Schools asked to file affidavits by Friday

Staff Reporter


  • Order passed on an interlocutory application by private schools federation
  • Government opposes application for modification of interim order

    BANGALORE: The Karnataka High Court on Wednesday refused to vacate its April 24 interim order directing primary schools to admit students only in the medium of instruction in which the institutions were permitted to impart education.

    The court passed this order on an interlocutory application by the Karnataka State Private Schools Managements Federation for modifying the interim order.

    In its application, the federation claimed that the interim order is not in conformity with the order of the Full Bench.

    The federation said that on Thursday last a single judge had stayed the de-recognition of schools and directed primary schools to admit students to the medium of instruction in which the schools were permitted to open.

    The application had initially come up before a single judge on Tuesday who refused to modify it stating that it ought to come up before the regular court hearing education matters.

    The application was posted for hearing before Justice Rammohan Reddy. While the federation urged the court to modify the interim order, the Government opposed it.

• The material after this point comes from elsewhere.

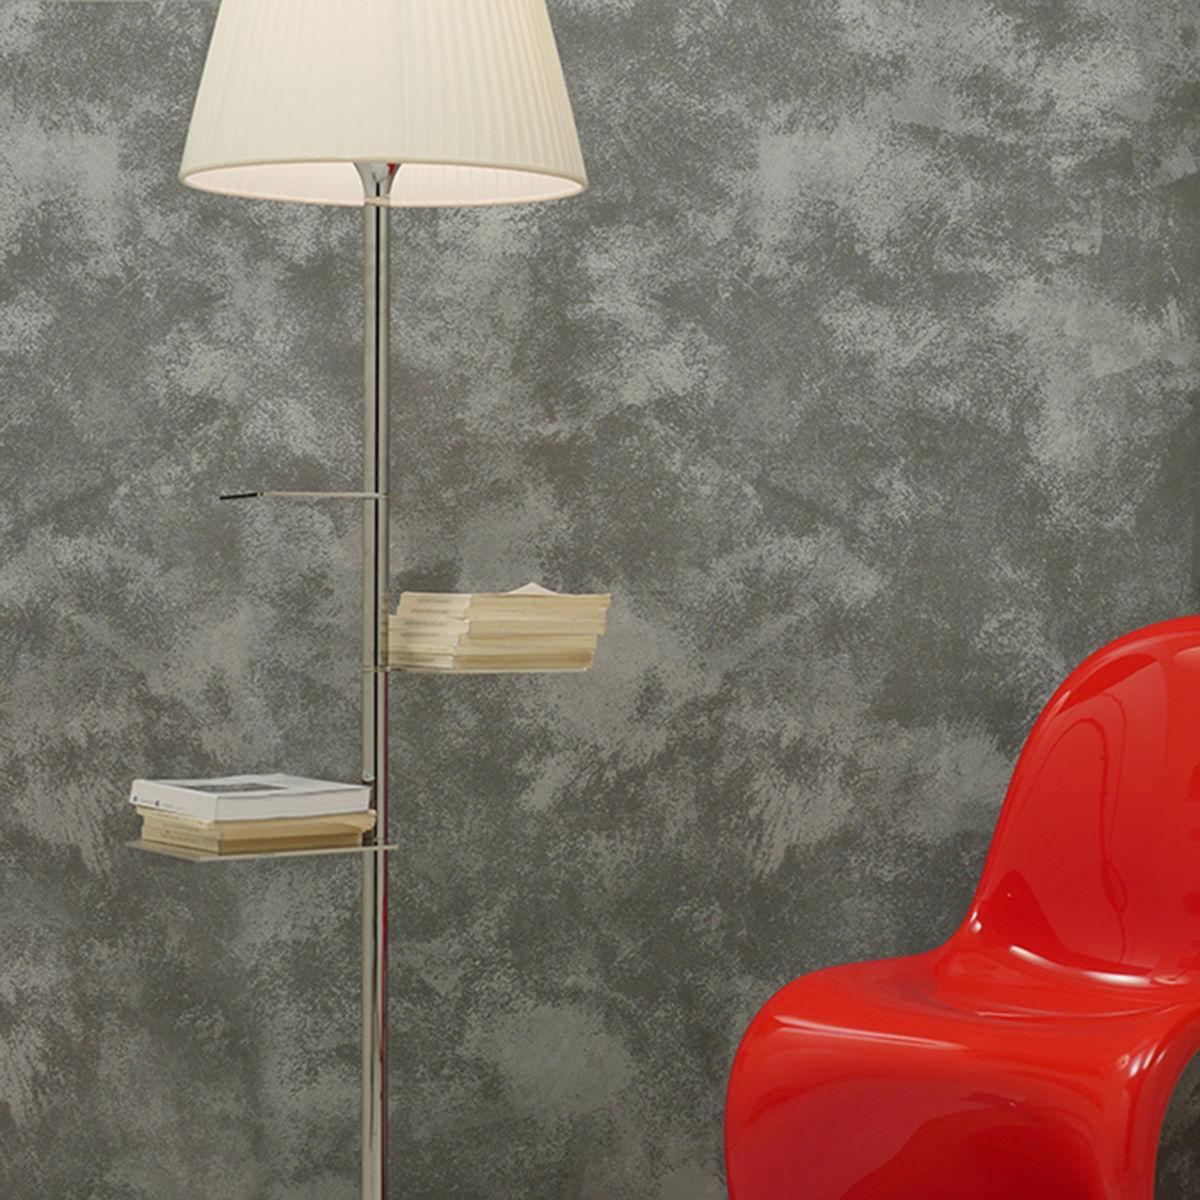 Pitture decorative per pareti kk18 regardsdefemmes for Pittura per interni moderne

    Mr. Rammohan Reddy said there is no ground to vacate the interim order and called upon member-schools of the federation to file affidavits by June 1 on the medium of instruction in which they had been permitted to impart education (on Tuesday, the court directed 1,100 schools coming under Karnataka Private Schools Managements Association to file such affidavits).

    Stayed

    In another case, Mr. Rammohan Reddy stayed the order of de-recognition of two institutions of Kolar — Jeevan Deepika Educational Trust and Core-In- Cooperation. The institutions claimed that it was the right of the parents to decide on the choice of medium of instruction for their children. Therefore, the State, they said, could not claim any right in this regard.

    Mr. Rammohan Reddy adjourned the case to June 1 and directed the institutions to file affidavits on the medium of instruction in which they were teaching students.